In January of 1980, the famous American film music composer John Williams was named conductor of the Boston Pops Orchestra. On today’s date that year he led his new orchestra in the premiere performance of this music, his own Overture to “The Cowboys.”
This concert overture was based on material from Williams’ score for a John Wayne film entitled “The Cowboys.”
Now, John Williams has scored dozens and dozens of classic American films, but not all that many westerns. “The Cowboys,” from 1971, for one, and “Missouri Breaks,” a quirky 1976 Western starring Jack Nicholson and Marlon Brando, for another.

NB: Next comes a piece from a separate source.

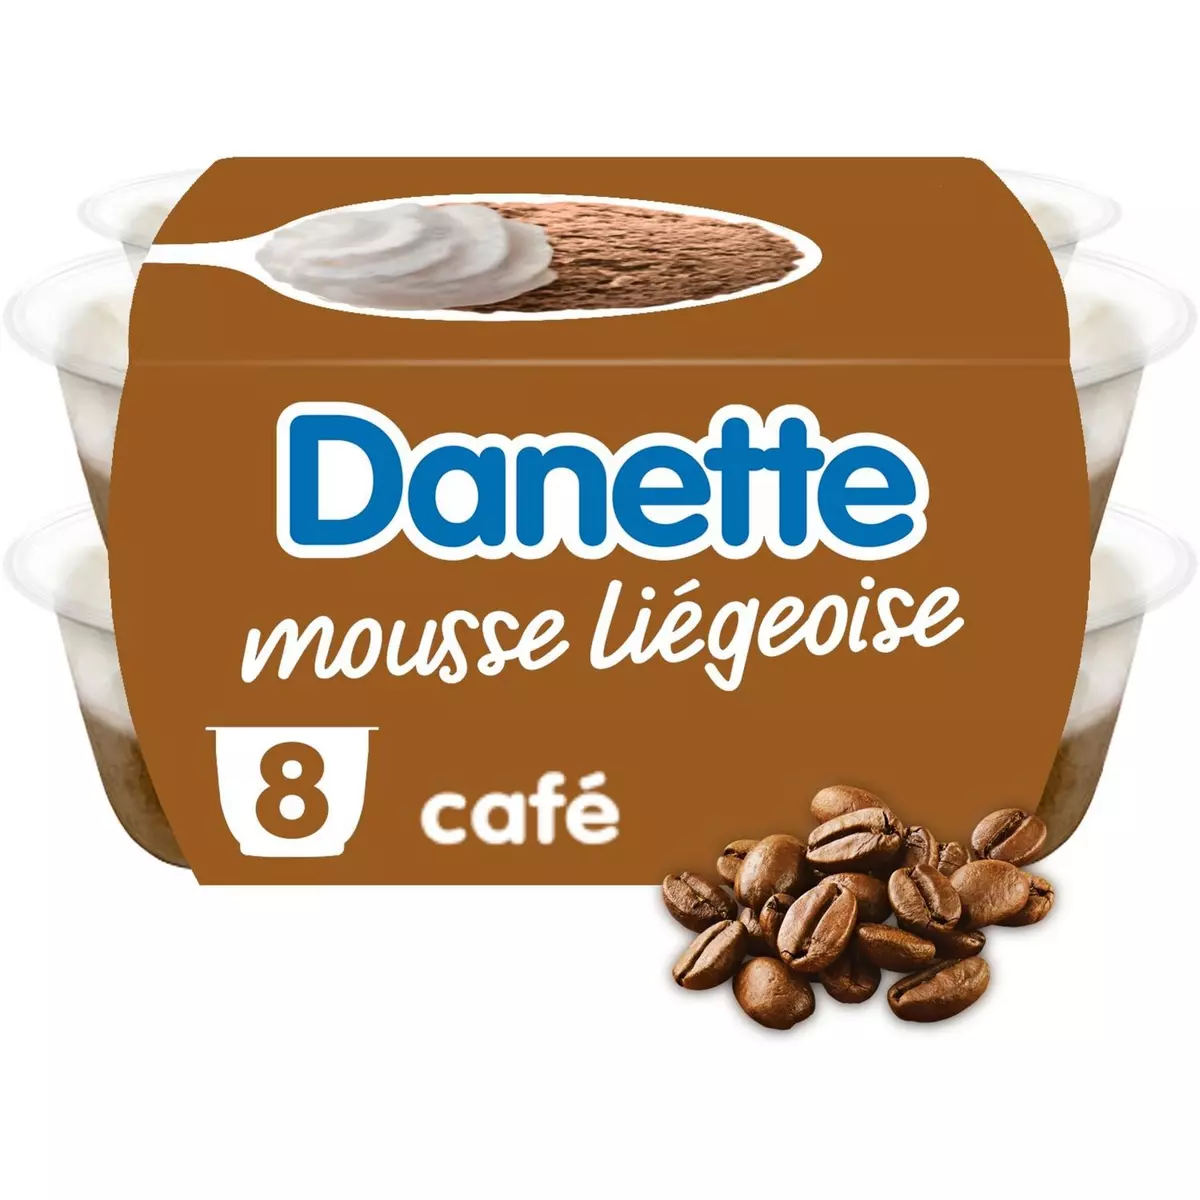 DANETTE Mousse liégeoise au café 8x80g
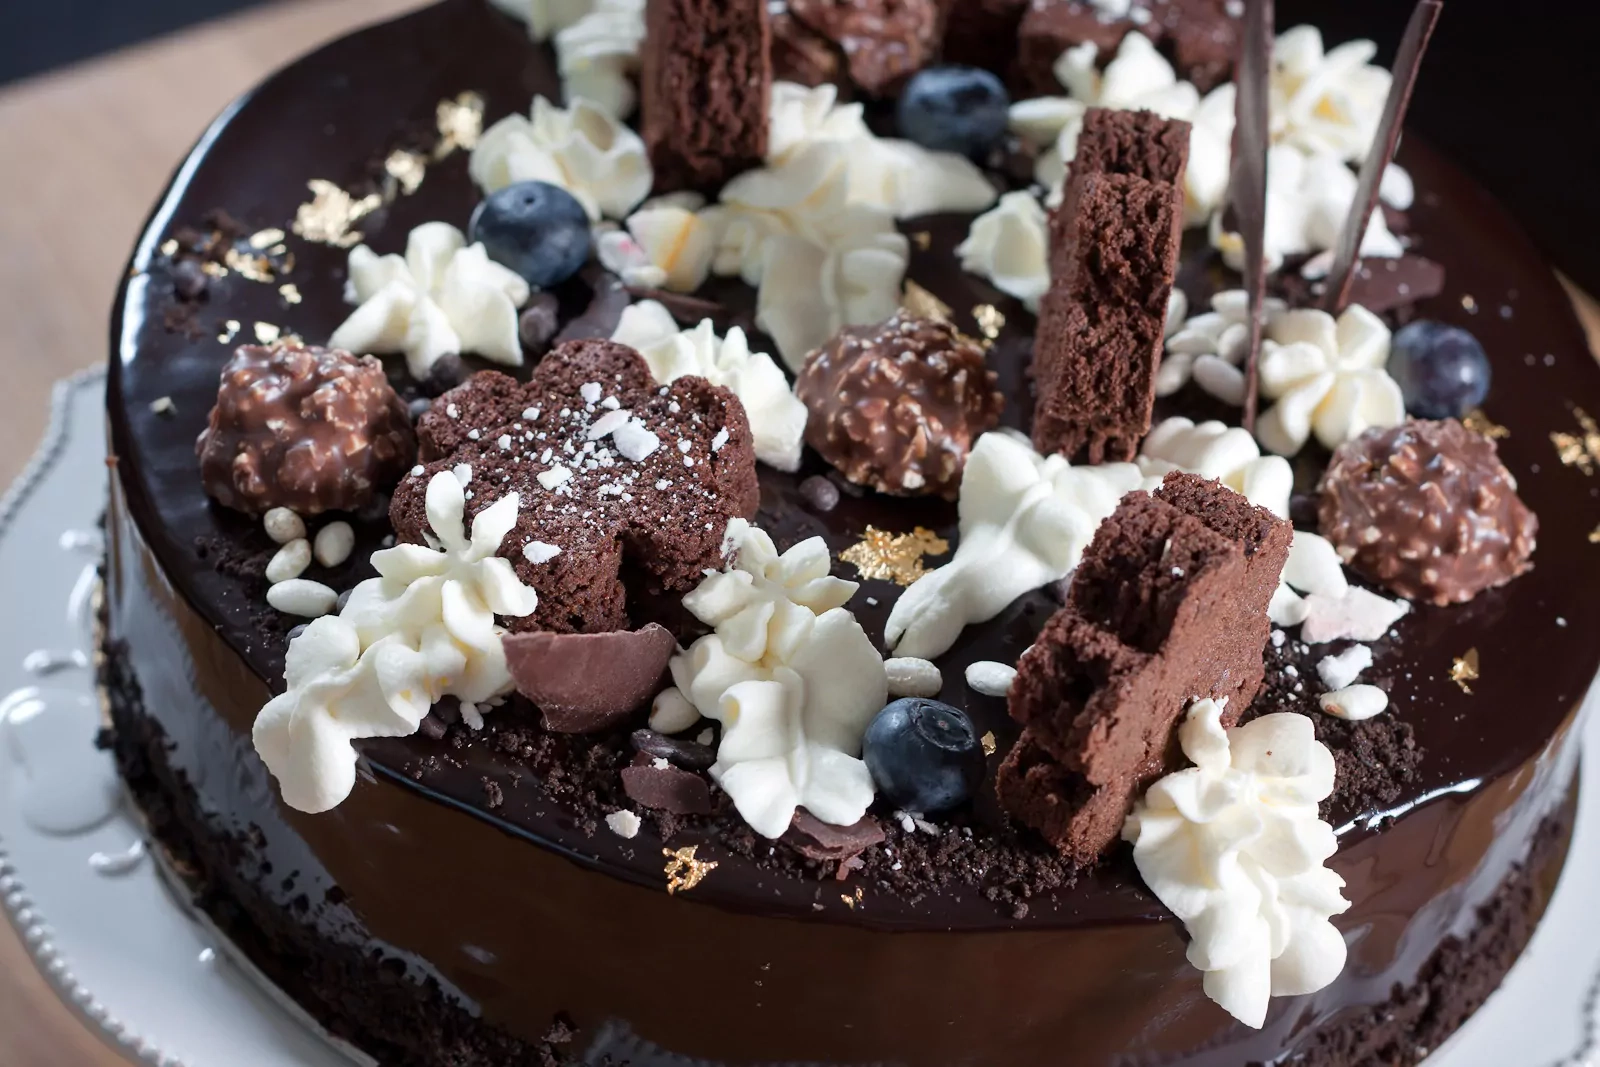 Tėčio gimtadienio tortas arba Šokoladinis tortas su traškiu "praline" sluoksniu

If both “The Cowboys” and “Missouri Breaks” are somewhat unconventional samples of the Western genre, Williams’ music is in the grand tradition of the classic film scores by Jerome Moross, who composed the music for “The Big Country,” Elmer Bernstein, who wrote the score for “The Magnificent Seven,” and Jerry Goldsmith, who has done that service for a number of other classic Westerns.
All these composers, however, owed a collective debt to an unlikely cowboy music composer: Brooklyn-born Aaron Copland, whose “Billy the Kid” and “Rodeo” ballet scores from the 1930s and 40s helped define the symphonic equivalent of the wide-open American landscape.